I don't know whether he was there at that point, but Leonard Egis was, who was actually also a very close friend, and Paul Hough who became an experimenter; and Walter McAfee who was my first introduction to the black world. He was a black American and from an entirely different world, but I loved him dearly. He died a few years ago. But he'd had a hard time getting established, but it was lucky he to go to Cornell because of the GI Bill. He'd worked for the Army during the war in the Signals Corps, I think, but he was much older than the rest of us, and he already had a wife and couple of kids, so he lived in town, not in the dorms.

[Q] And this was an introduction to the world of discrimination in the United States?

Well it wasn't so much discrimination, because he was not discriminated against.

[Q] No, not at the University, but in town?

I don't think so. I think he was treated pretty well. I mean my impression of him was that he was in no way complaining. I mean he was very happy with his life and he wasn't full of anger in any way, he was just a different kind of person.
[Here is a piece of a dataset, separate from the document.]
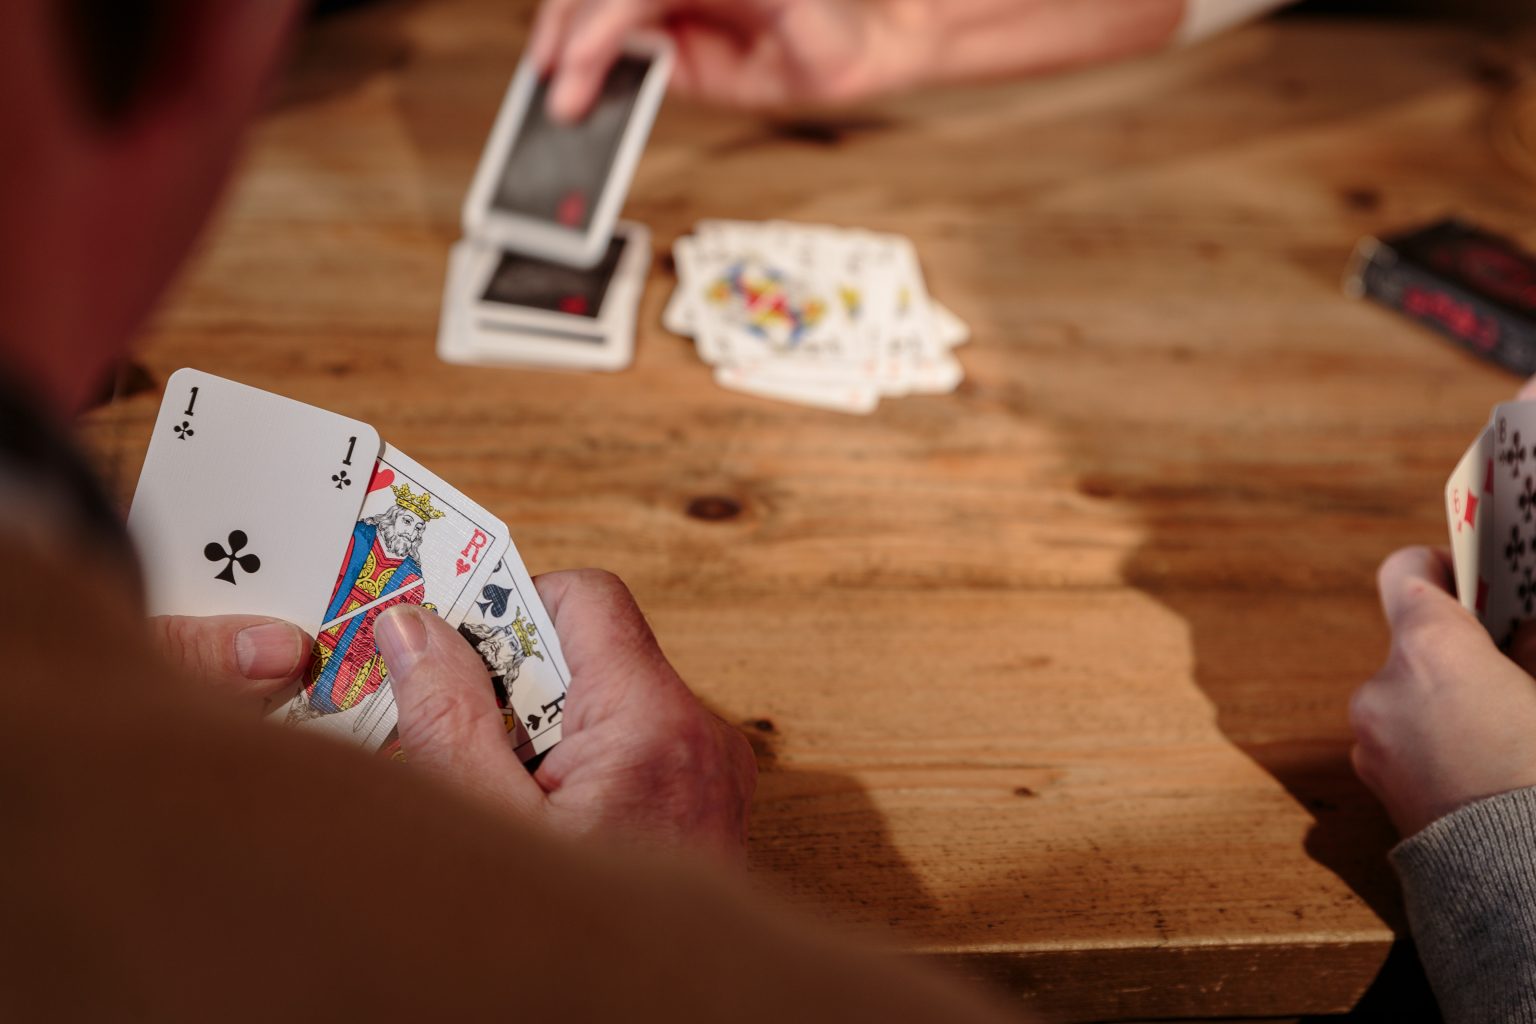 Le chat botté jeu d’association Intrattenimento Giochi e rompicapo Giochi con le carte Cartamundi Giochi con le carte

I mean he was fanatically interested in baseball. He was much more of a sort of a real American than most of the others. And he had made it, I mean he was obviously on his way up and afterwards he went went back to the Army and worked in the Signal Corps at Fort Monmouth.
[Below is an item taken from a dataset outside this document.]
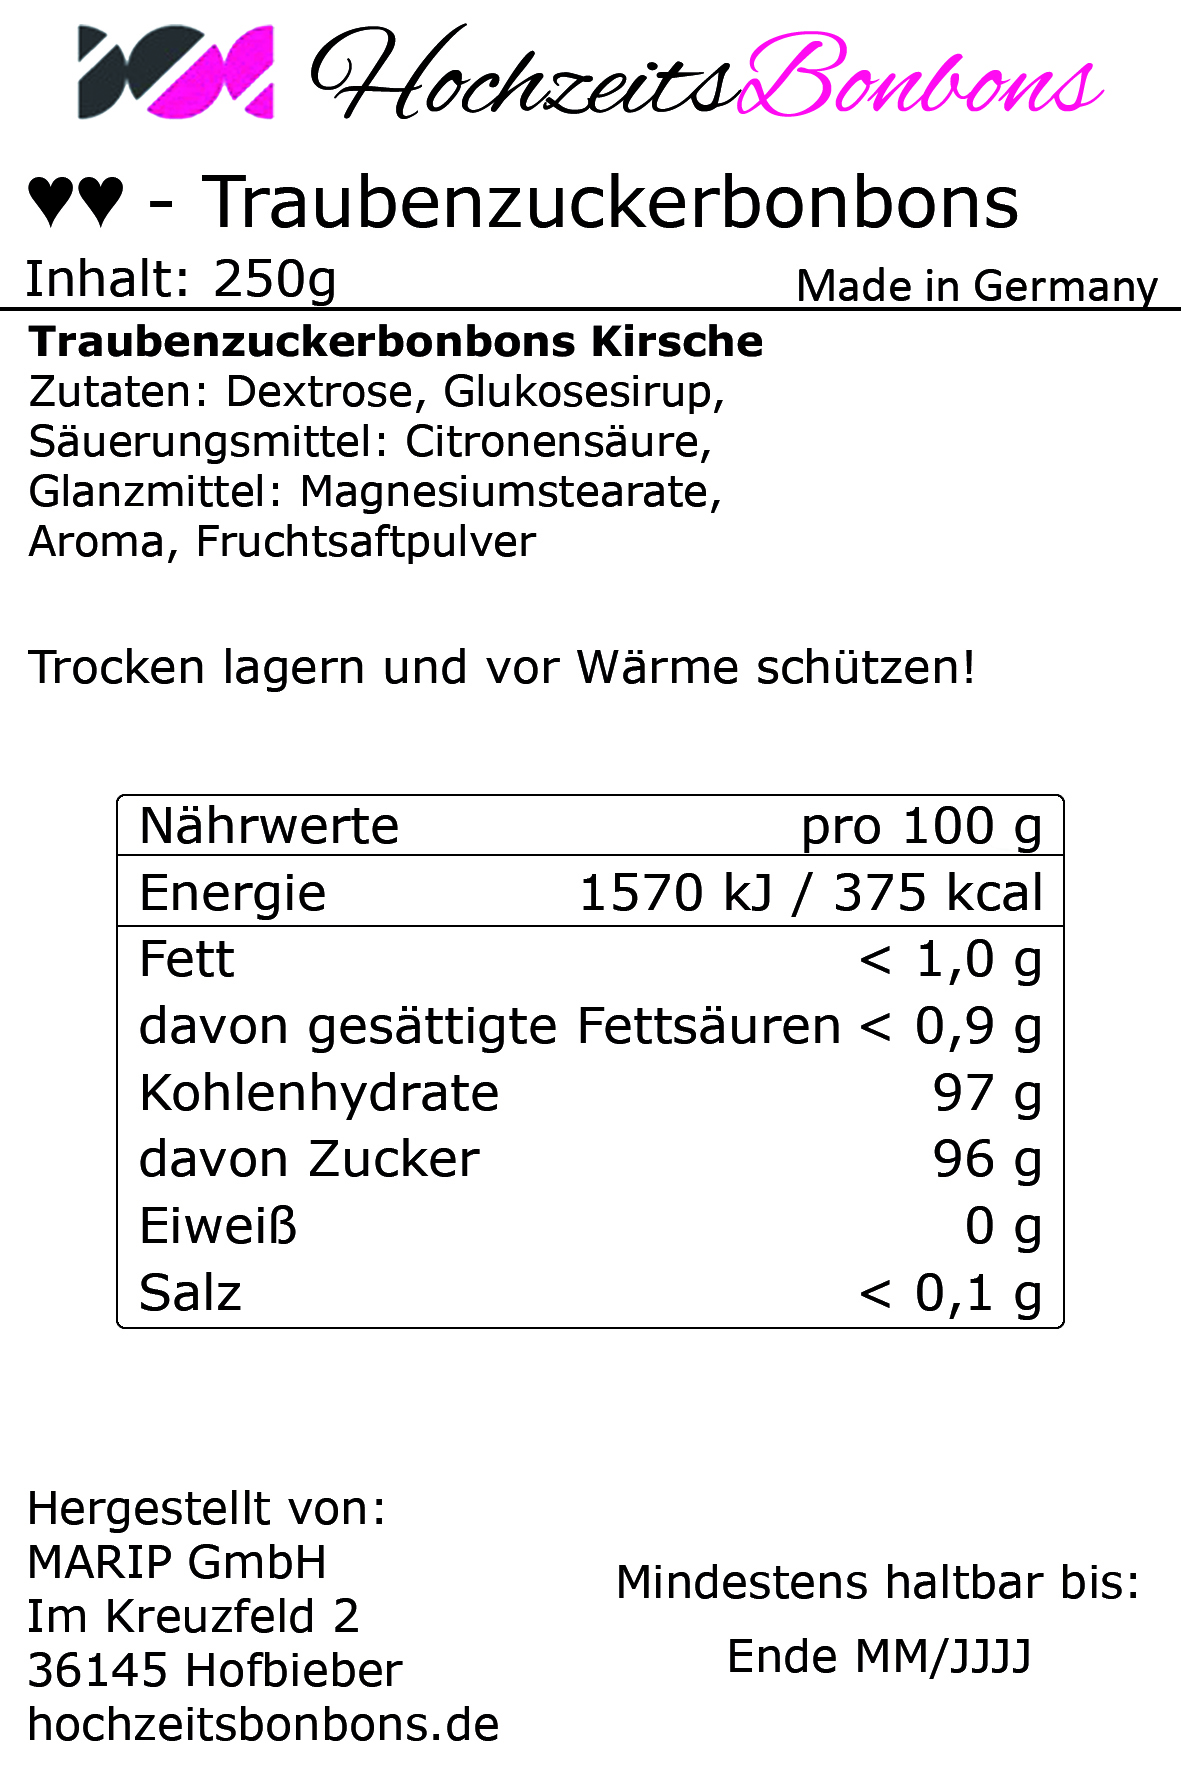 Traubenzuckerbonbons im Herzchen Wickler - Kirsch - 250g

Freeman Dyson (1923-2020), who was born in England, moved to Cornell University after graduating from Cambridge University with a BA in Mathematics. He subsequently became a professor and worked on nuclear reactors, solid state physics, ferromagnetism, astrophysics and biology. He published several books and, among other honours, was awarded the Heineman Prize and the Royal Society's Hughes Medal.

Listeners: Sam Schweber

Silvan Sam Schweber is the Koret Professor of the History of Ideas and Professor of Physics at Brandeis University, and a Faculty Associate in the Department of the History of Science at Harvard University. He is the author of a history of the development of quantum electro mechanics, "QED and the men who made it", and has recently completed a biography of Hans Bethe and the history of nuclear weapons development, "In the Shadow of the Bomb: Oppenheimer, Bethe, and the Moral Responsibility of the Scientist" (Princeton University Press, 2000).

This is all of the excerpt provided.